— Assignment —
Keep the pictures out while you transcribe the listing below exactly.

— Data section —
※

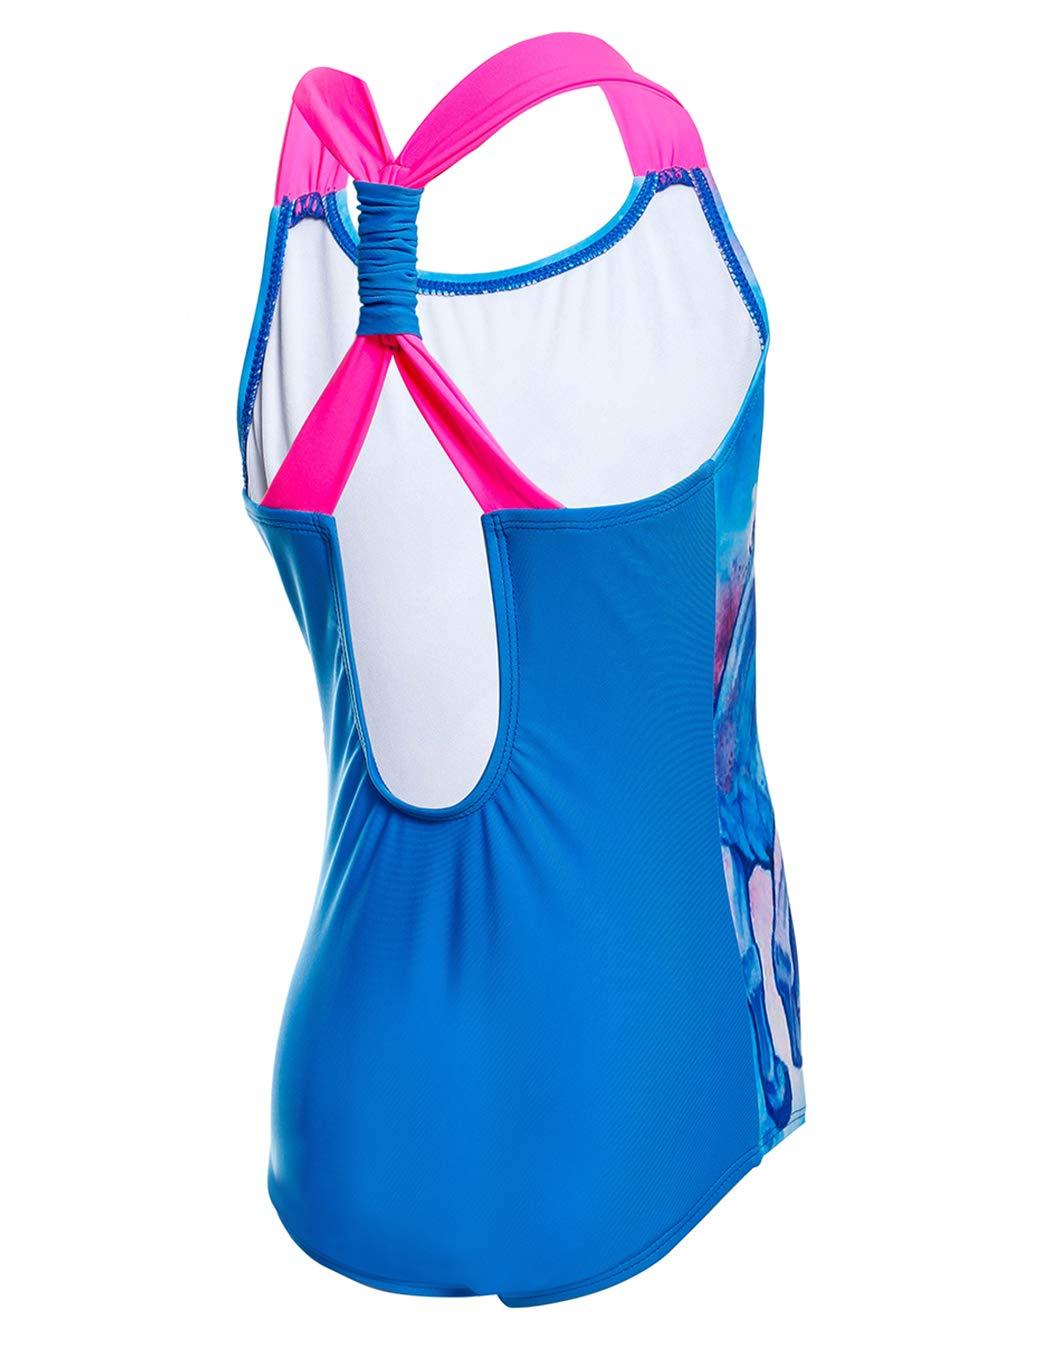 One Piece Swimsuit Ruffle Back Bathing Suit iDrawl Swimwear for Girls
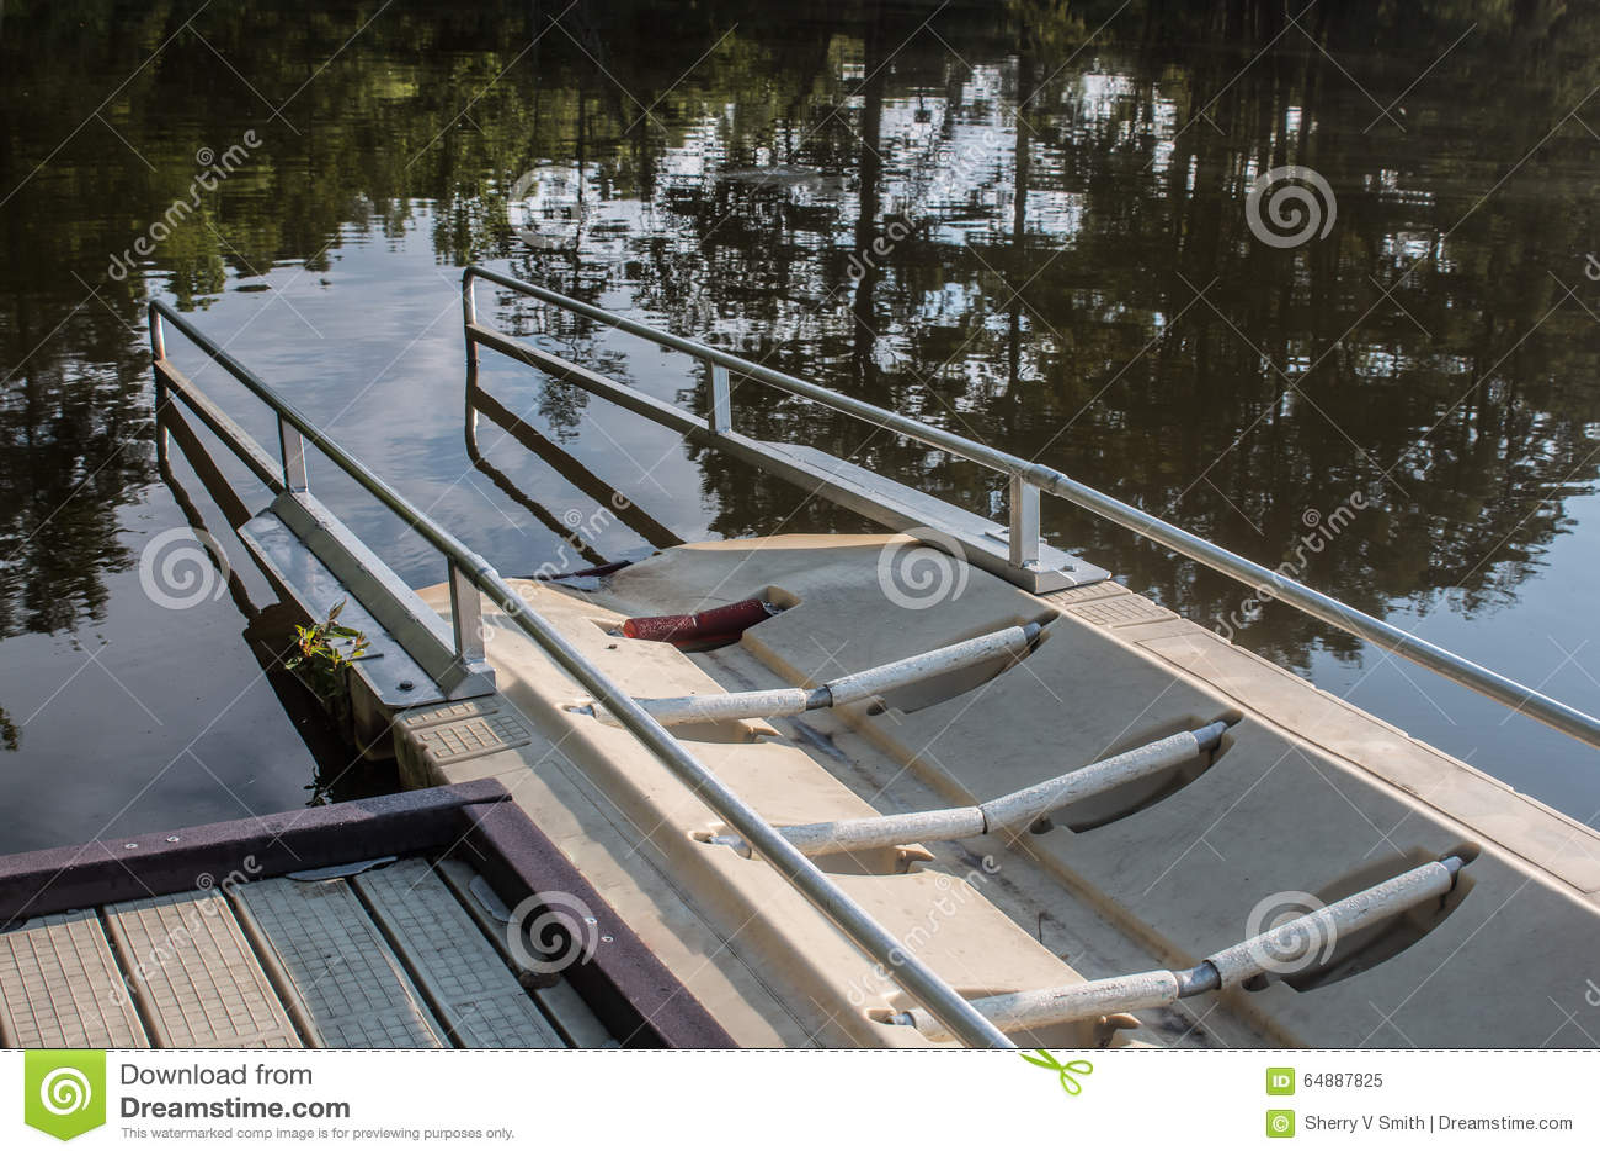 Close-Up Of Kayak Launch Ramp At Stumpy Lake Stock Photo - Image: 64887825
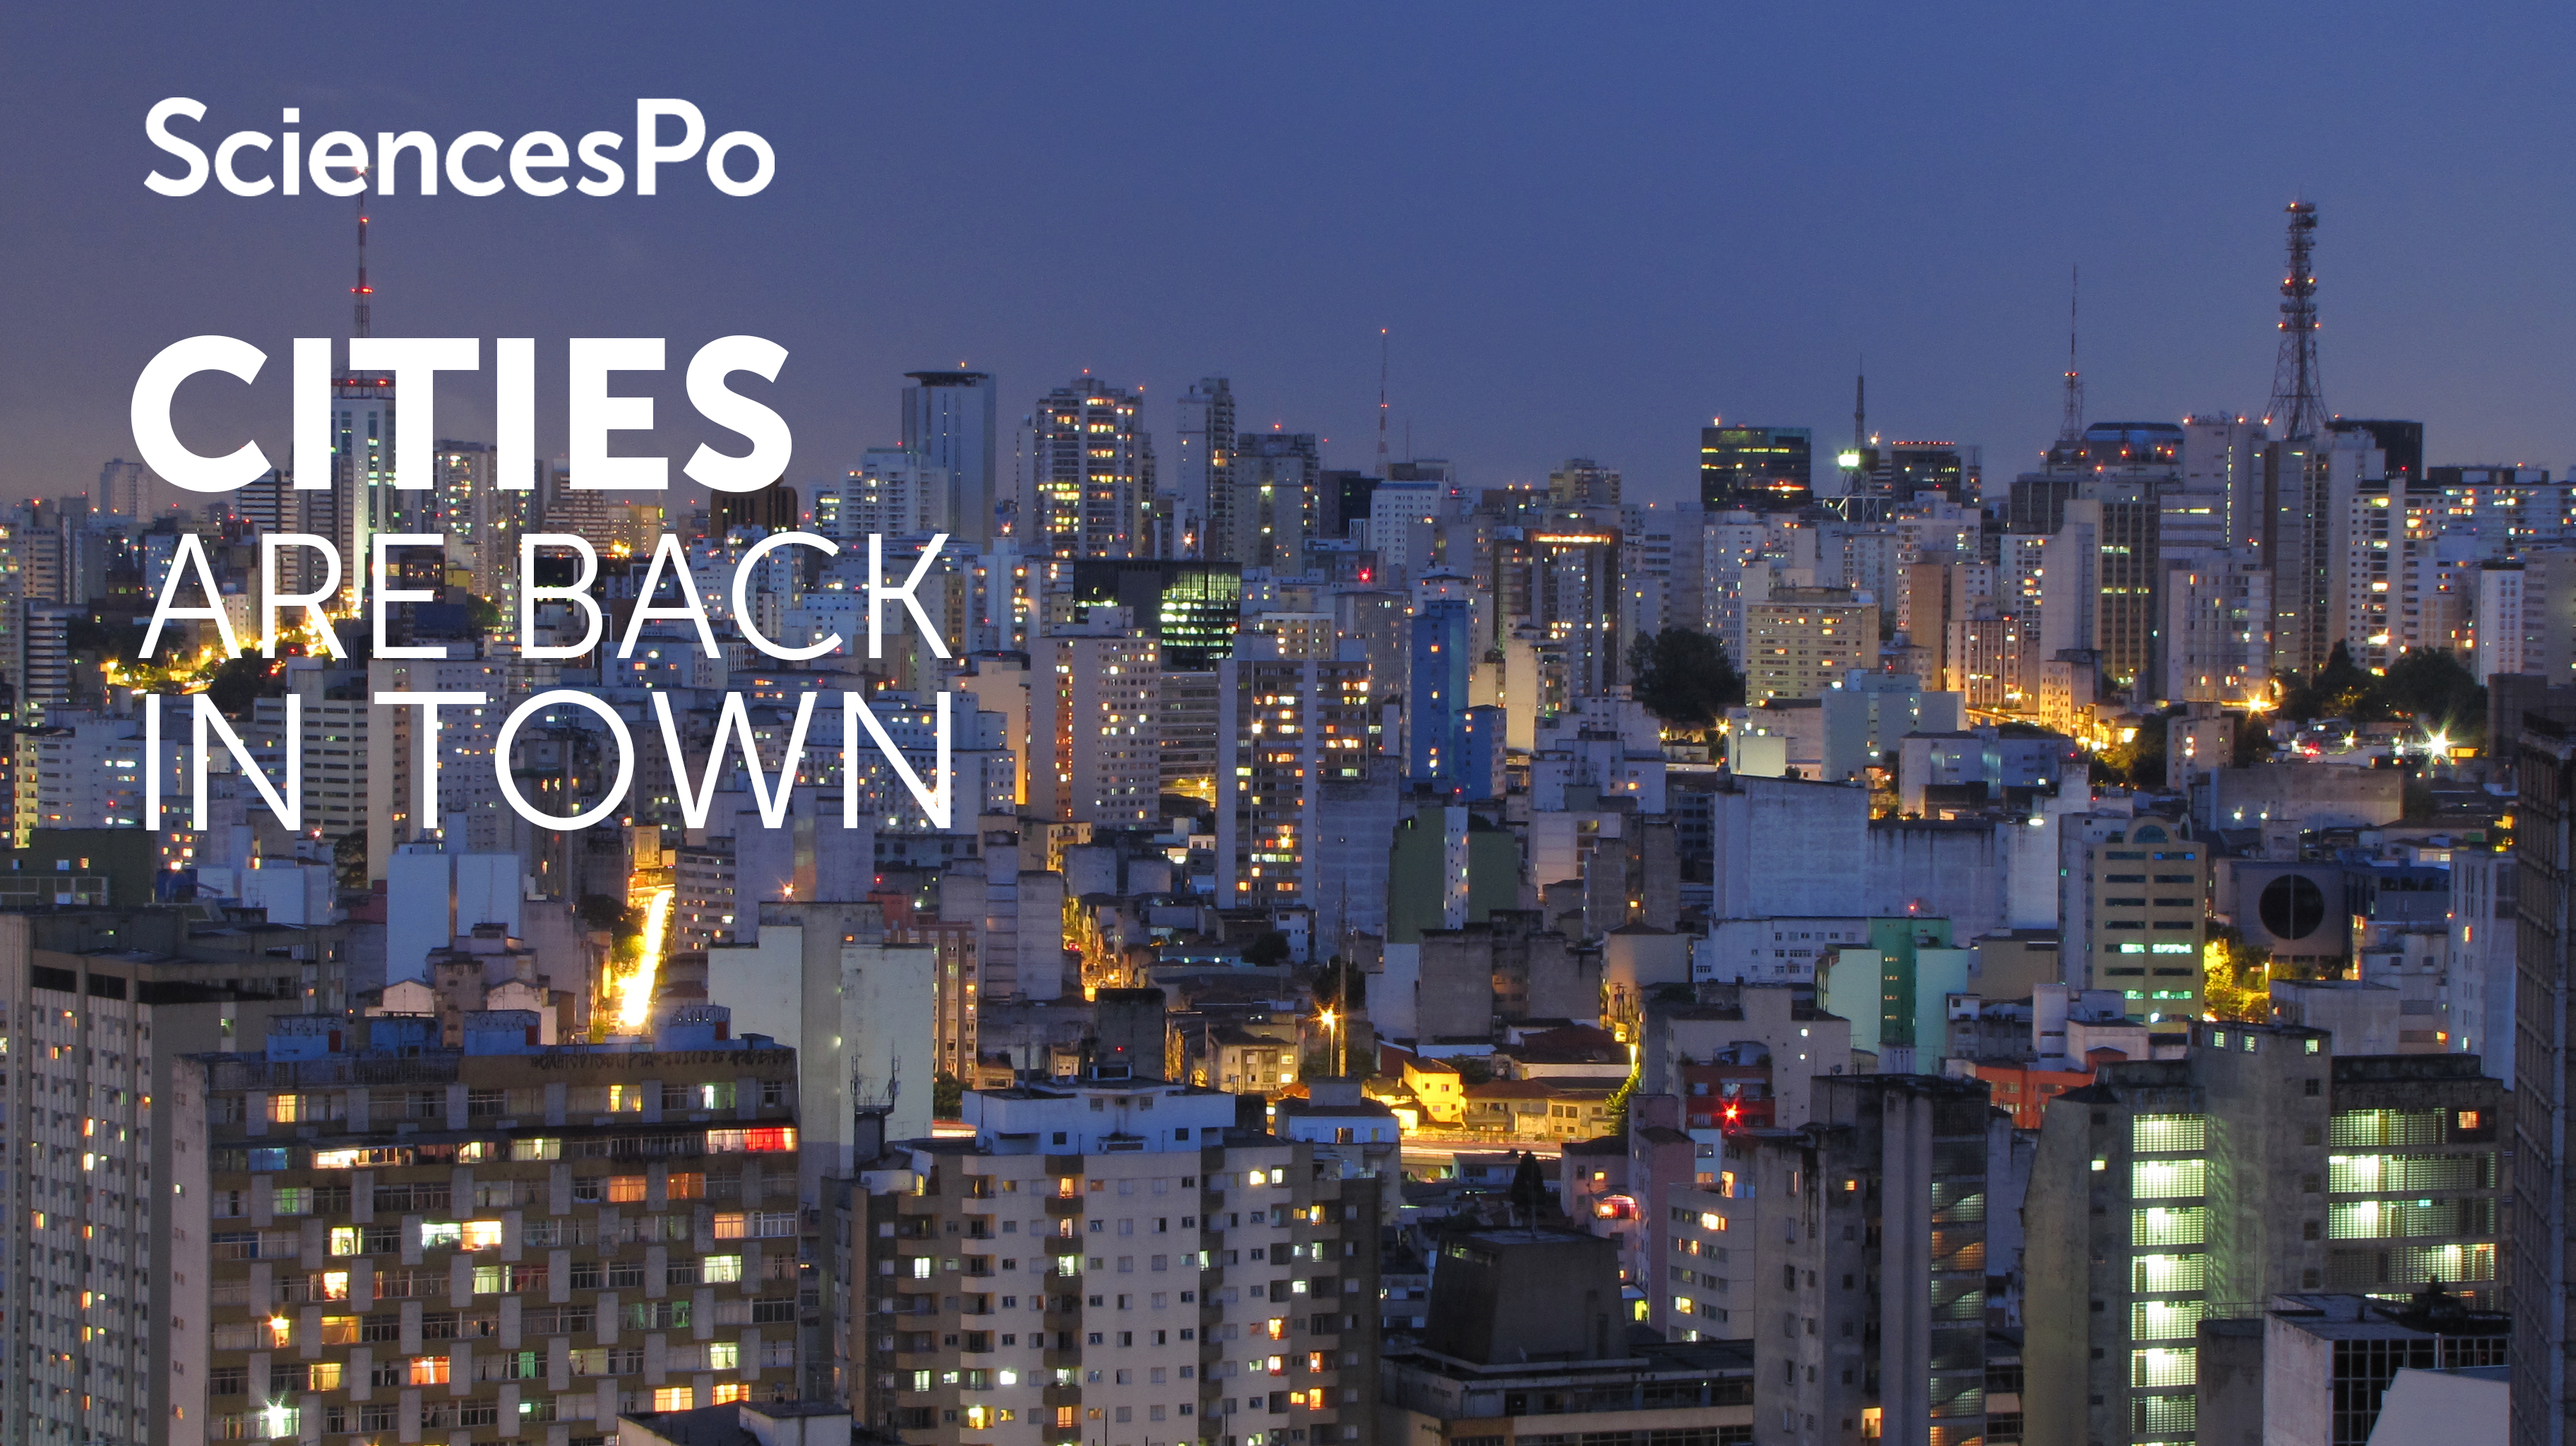 Cities are back in town : sociología urbana para un mundo globalizado course image

※

— Expected answer —
 One Piece Swimsuit Ruffle Back Bathing Suit iDrawl Swimwear for Girls
 Close-Up Of Kayak Launch Ramp At Stumpy Lake Stock Photo - Image: 64887825
 Cities are back in town : sociología urbana para un mundo globalizado course image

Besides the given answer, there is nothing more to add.